▶ **Task to complete**: Set down the data below exactly; pictures stay out.

▶ **Information supplied**:
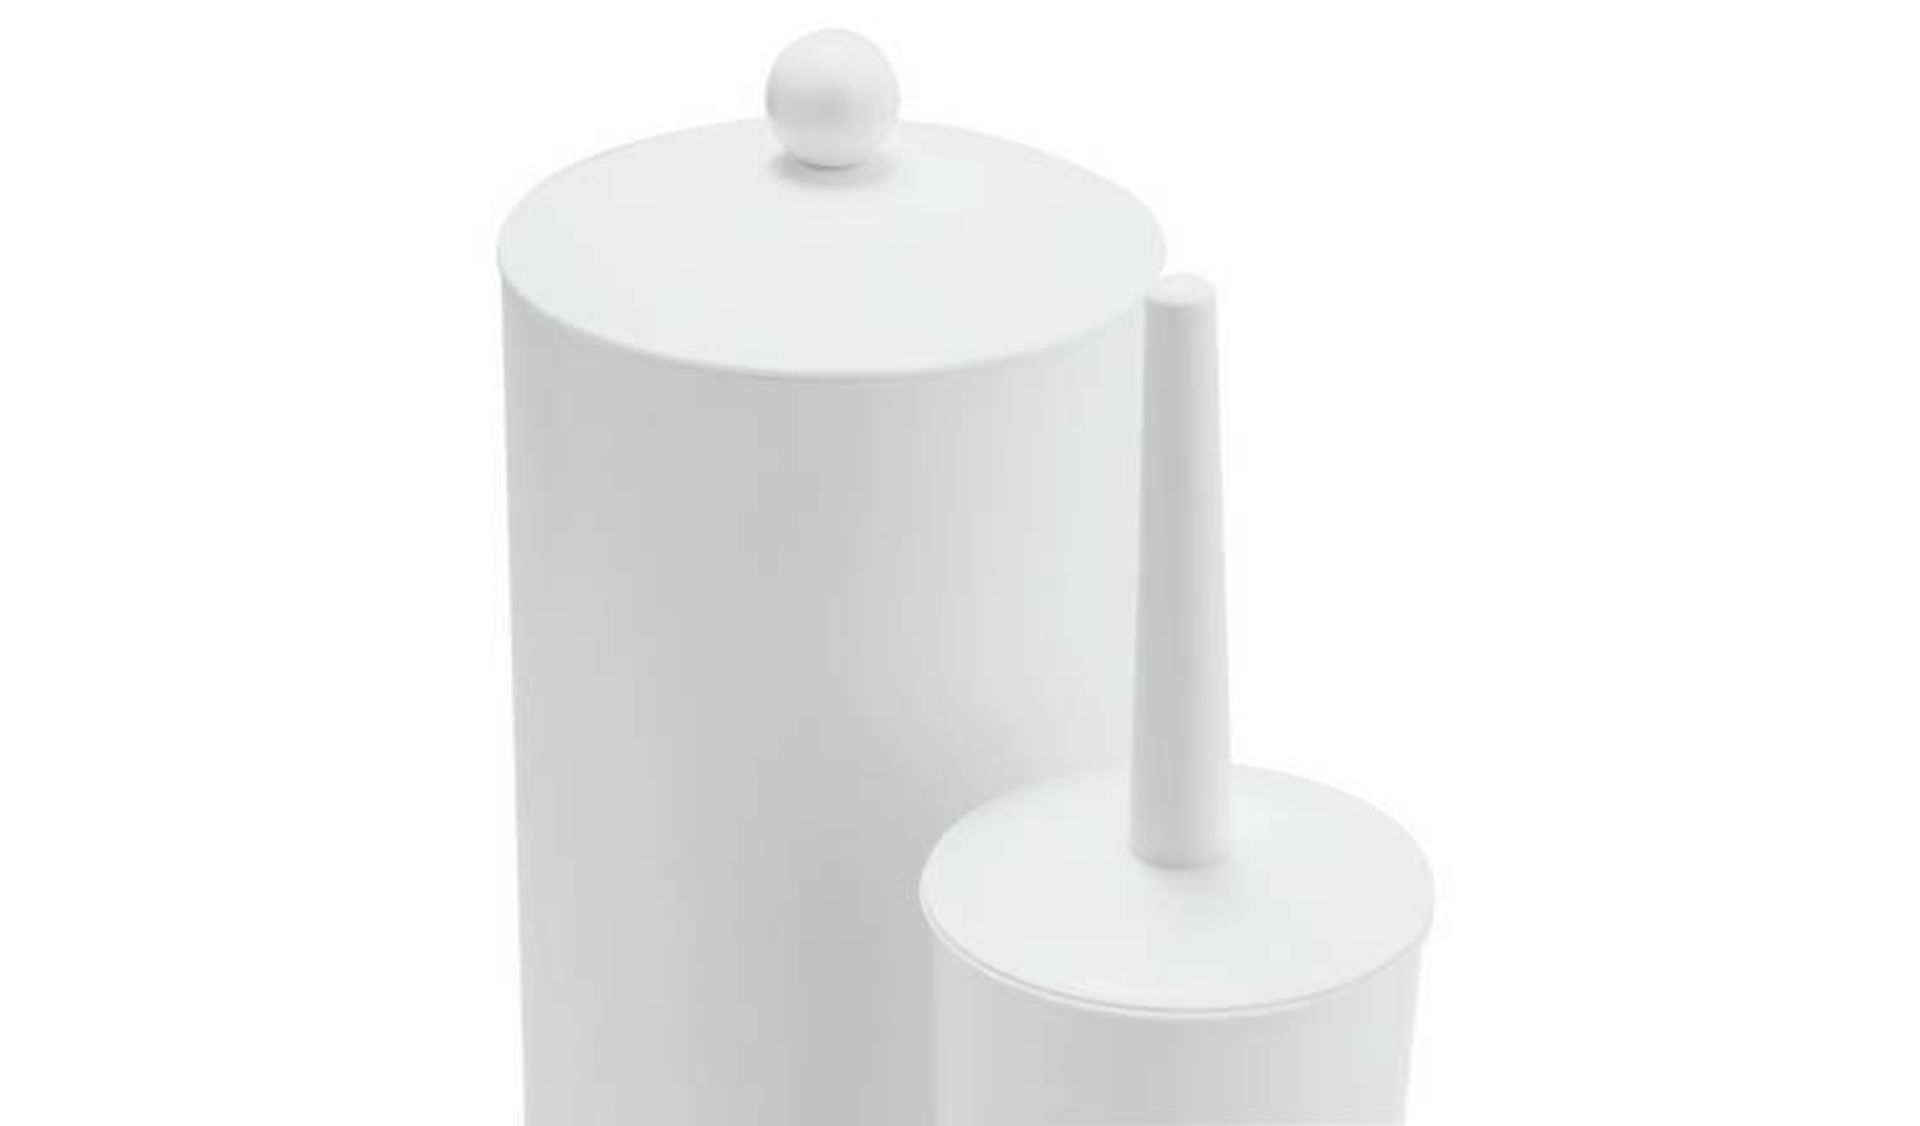 Argos Home Toilet Brush and Roll Holder - White 833/8994 £8.00 RRP
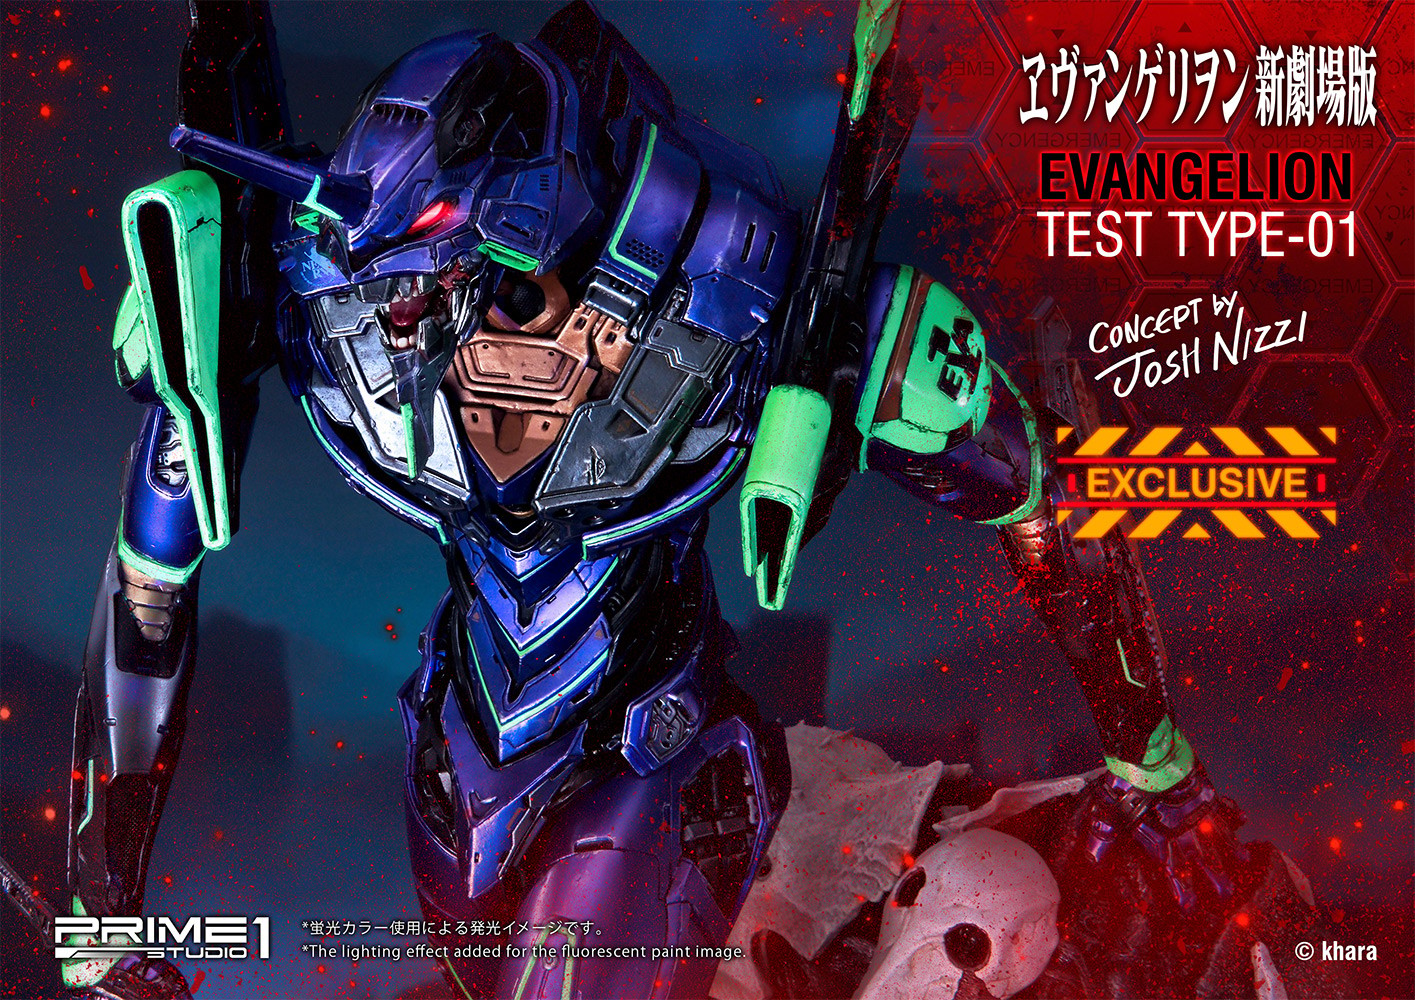 Evangelion Test Type-01 Exclusive Edition (Prototype Shown) View 1
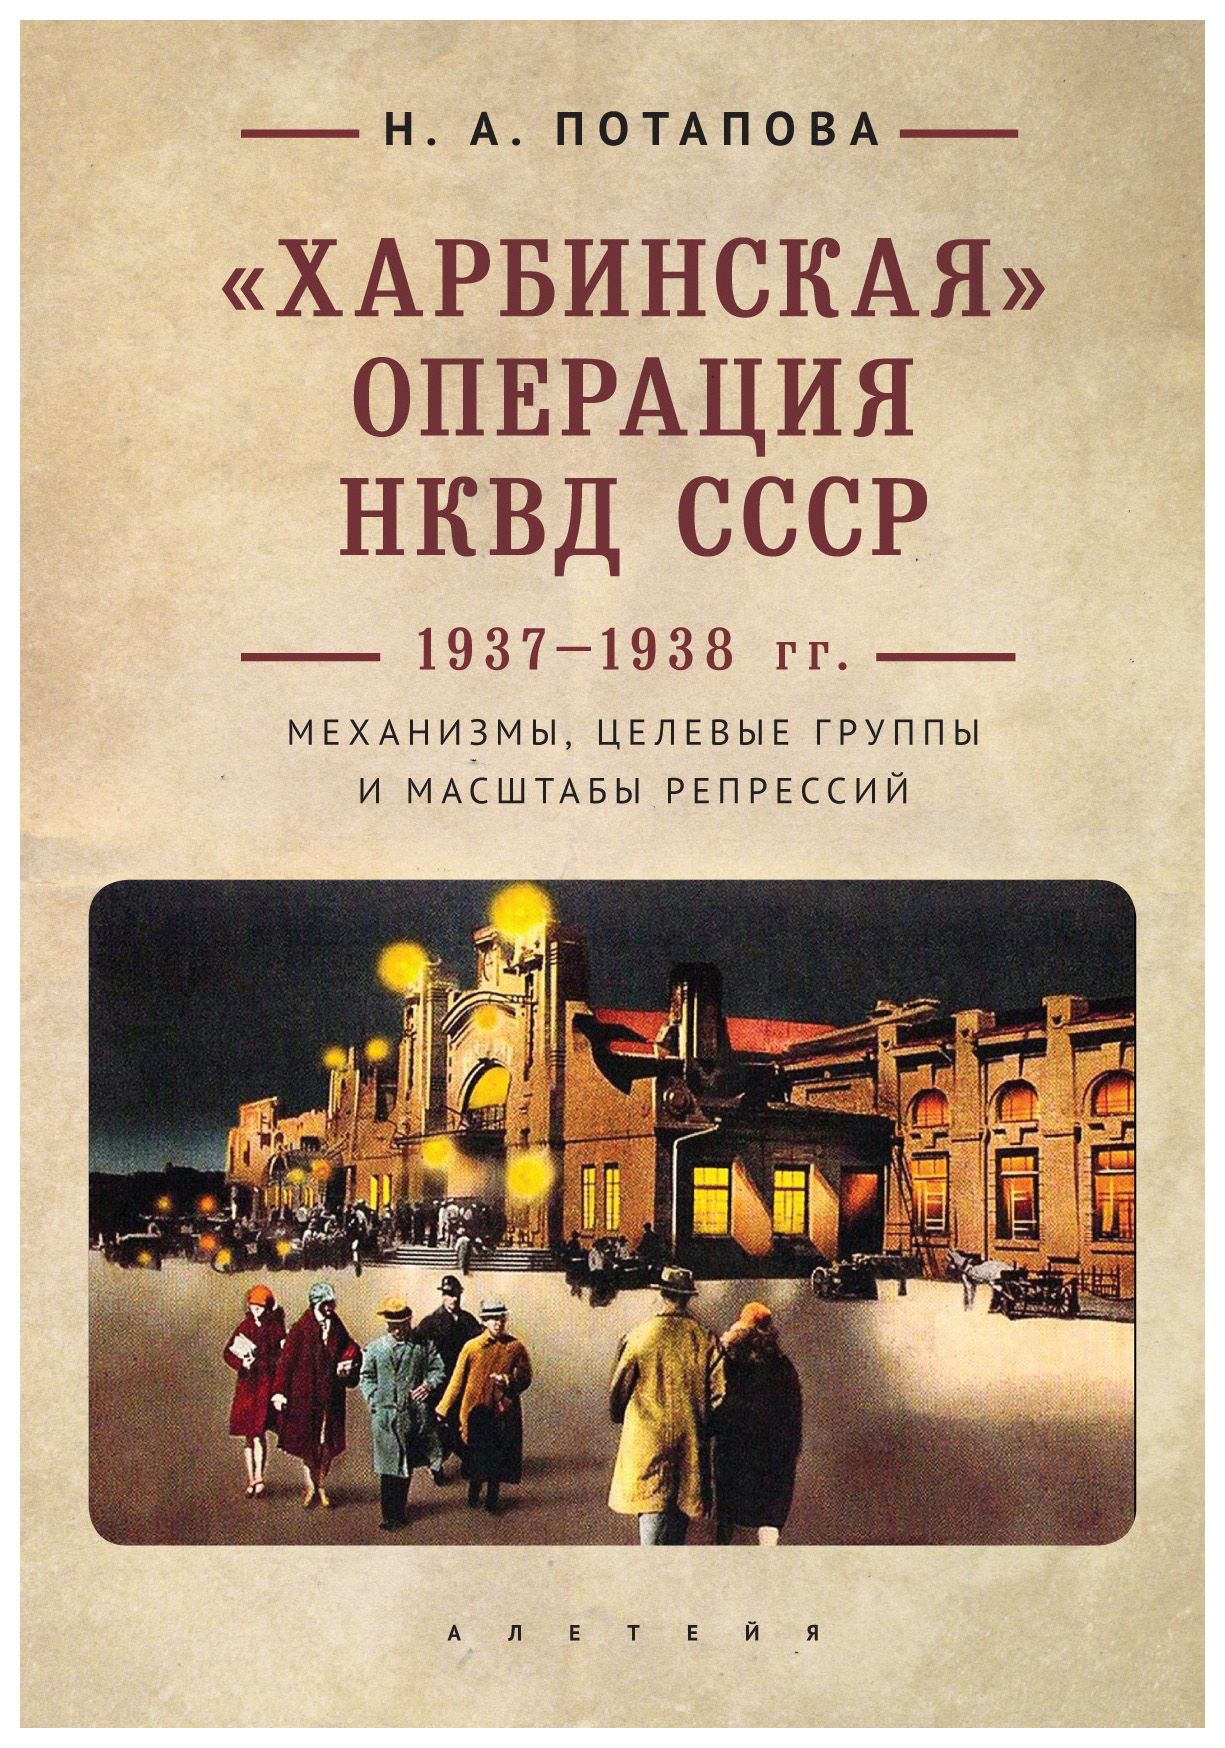 Потапова Н.А. - «Харбинская» операция НКВД СССР 1937-1938

▶ **Your solution**:
 Argos Home Toilet Brush and Roll Holder - White 833/8994 £8.00 RRP
 Evangelion Test Type-01 Exclusive Edition (Prototype Shown) View 1
 Потапова Н.А. - «Харбинская» операция НКВД СССР 1937-1938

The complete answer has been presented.